Siyasette dengeler bozuldu
Kainatta ve dünyada her şey denge üstüne kuruludur. Doğada denge bozulursa, deprem olur.. Doğal felaketler yaşanır... İnsan doğasında denge bozulursa, hastalık olur. Sosyal dengeler bozulursa, anarşi ve terör olur. Ekonomide denge bozulursa, kriz olur. Siyasette denge bozulursa, ülkenin geleceği riske girmiş olur.
Ben ekonomi konusunda uzmanım... Ancak yaşamakta olduğumuz ağır siyasi sorunların uzantıları olarak ortaya çıkan, dış politika, Balyoz Davası’nın sonuçları, 4+4+4 eğitim sorunları, PKK terörü, Başbakan’ın tutumu, yeni Anayasa ve Yeni CHP gibi sorunlar, dengeyi o kadar bozdu ki ekonomik sorunlar geri plana düştü.
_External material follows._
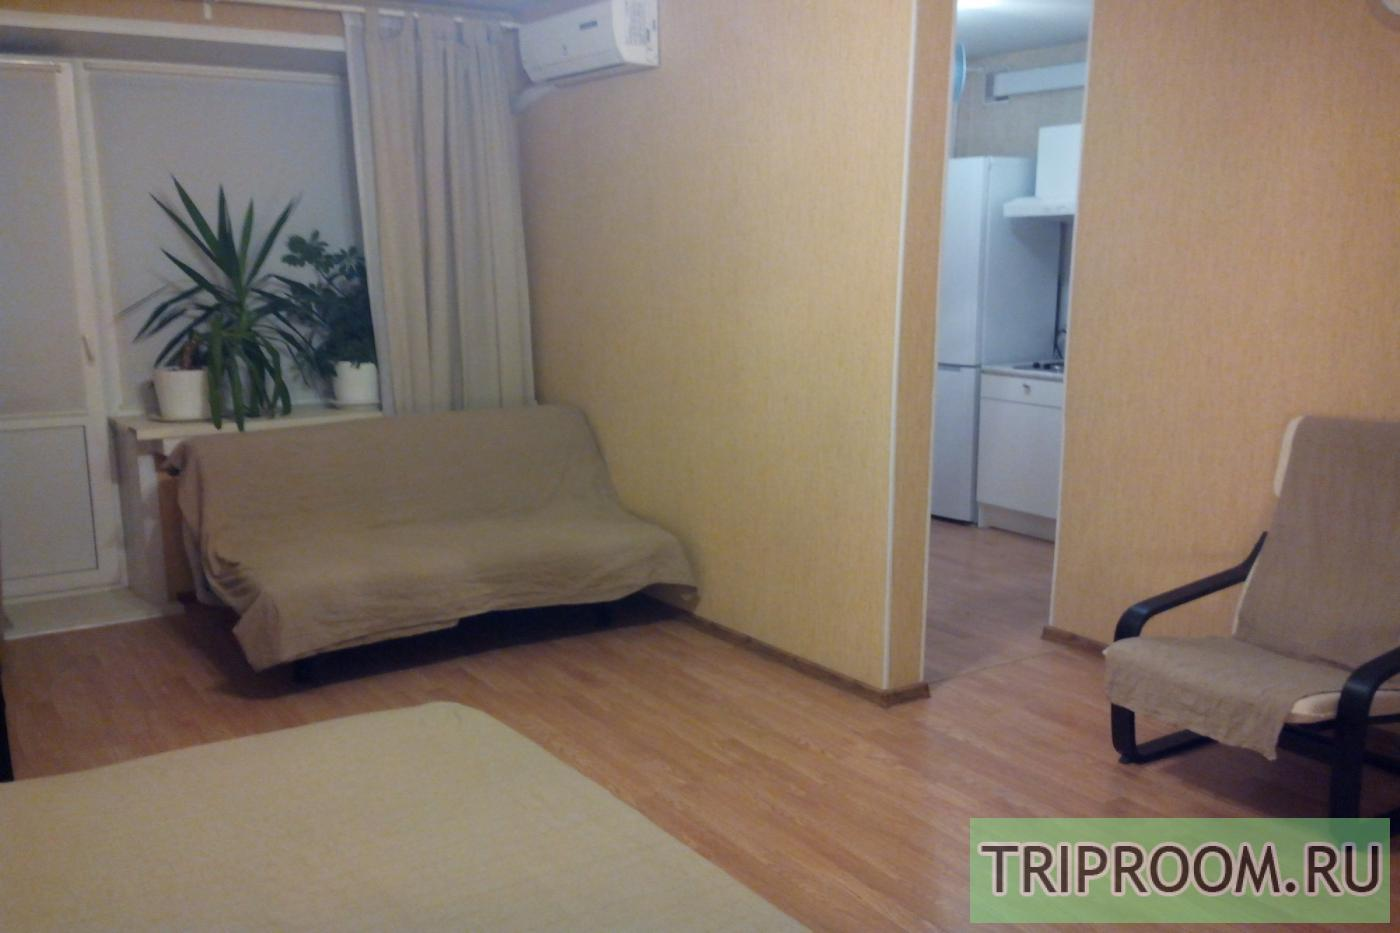 1-комнатная квартира посуточно (вариант № 5966), ул. Гоголя улица, фото № 25

Hükümetin açılım kapsamında, PKK’yı seçime kadar idare etmek şeklindeki politikası, PKK’ya zaman kazandırdı. Balyoz ve Ergenekon davalarında olanlar, ordunun ve halkın moralini bozdu.
Hükümetin başarısız olduğu böyle bir konjonktürde halkın alternatifi muhalefet partileri olur... Ne var ki Yeni CHP, alternatif oluşturmuyor. Tersine sanki gündemi değiştirmekte AKP iktidarına ve Başbakana yardımcı oluyor... Söz gelimi, ulusal konularda çekimser kalıyor. Davutoğlu gibi duruyor. PKK konusunda daha aktif oluyor. Bize gelen e-maillerin çoğunu, Yeni CHP ve özellikle Kılıçdaroğlu’nun tutumundan yakınanlar gönderiyor. Bunlardan birkaçını aynen alıyorum.
Konyaaltı örgütünden istifa eden Süreyya Gümüş’ün, istifa gerekçelerinden bazıları şöyle :
* Sosyalist Enternasyonal sonuç bildirgesinde, Kürt sorununun Filistin sorununa benzetiliyor olması ve uluslararası çözüme çekilmesinde Kılıçdaroğlu’nun tepkisiz kalması,
* CHP Genel Başkanı’nın açtığı akil adamlar tartışmasının, emperyalist merkezlerin yöntemi olması,
* Hüseyin Aygün’ün PKK propagandası niteliğinde konuşması ve Genel Başkanın da arkasındayım demesi,
* CHP’nin bölücü anayasa riskine karşı, masada oturmaya direnmesi.
* Faris Sarıkaya diyor ki, “Bugün CHP misyonunu sorgulamamız gerekir... CHP’- nin misyonu sağın yanında yer alan, geçmişini karalayan, bölücü eğilimleri hoş gören ve barındıran bir misyon mudur?
Metin Kale, Kılıçdaroğlu Oslo görüşmeleri için “Silah bıraktıracaksa görüşmeler devam etmeli “ buyuruyor. Bu gidişle parti tabanında bu saçmalıkları takip edecek takat kalmayacak. Partiyi bir an önce kurtarmak gerekir” diyor.
Metin Üstündağ, Kılıçdaroğlu’nun, “Silah bıraktırılacaksa, bu tür görüşmeler yapılabilir. ...Oslo türü görüşmelerde, öncesinde veya sonrasında eğer bize bilgi verilseydi, muhalefet bilgilendirilseydi daha doğru olurdu. Bu tür süreçler hakkında muhalefete de bilgi verilmeli” şeklindeki sözlerinden hiçbir şey anlaşılmadığını dile getiriyor.
Yetmedi CHP’de bazıları, açık veya kapalı olarak etnik ayırımı ve mezhep ayrımını parti tabanında kendi siyasetleri için kullanıyorlar. Söz gelimi, İstanbul Büyükşehir için parti tabanında bu konu üstüne hesap yapanlar için yaygın söylenti var. Oysa ki CHP, YCHP oluncaya kadar hiçbir şekilde böyle bir ayırım içinde olmamıştır.
Sonuç olarak Kılıçdaroğlu’nun partiye zararlı olduğu artık iyice ortaya çıktı. Partiye hakim olamıyor. Genel izlenim, “emanet gibi duruyor...” Bu nedenle eskiden olduğu gibi artık kimse “Mahalli seçimlere kadar parti içinde hizip yaratmayalım, partiye zarar vermeyelim” demiyor. Yahut böyle diyenler azınlıkta kaldı. Herkes, “Kılıçdaroğlu ile parti her geçen gün eriyor. Bu nedenle bir an önce CHP kendine dönmelidir” diyor.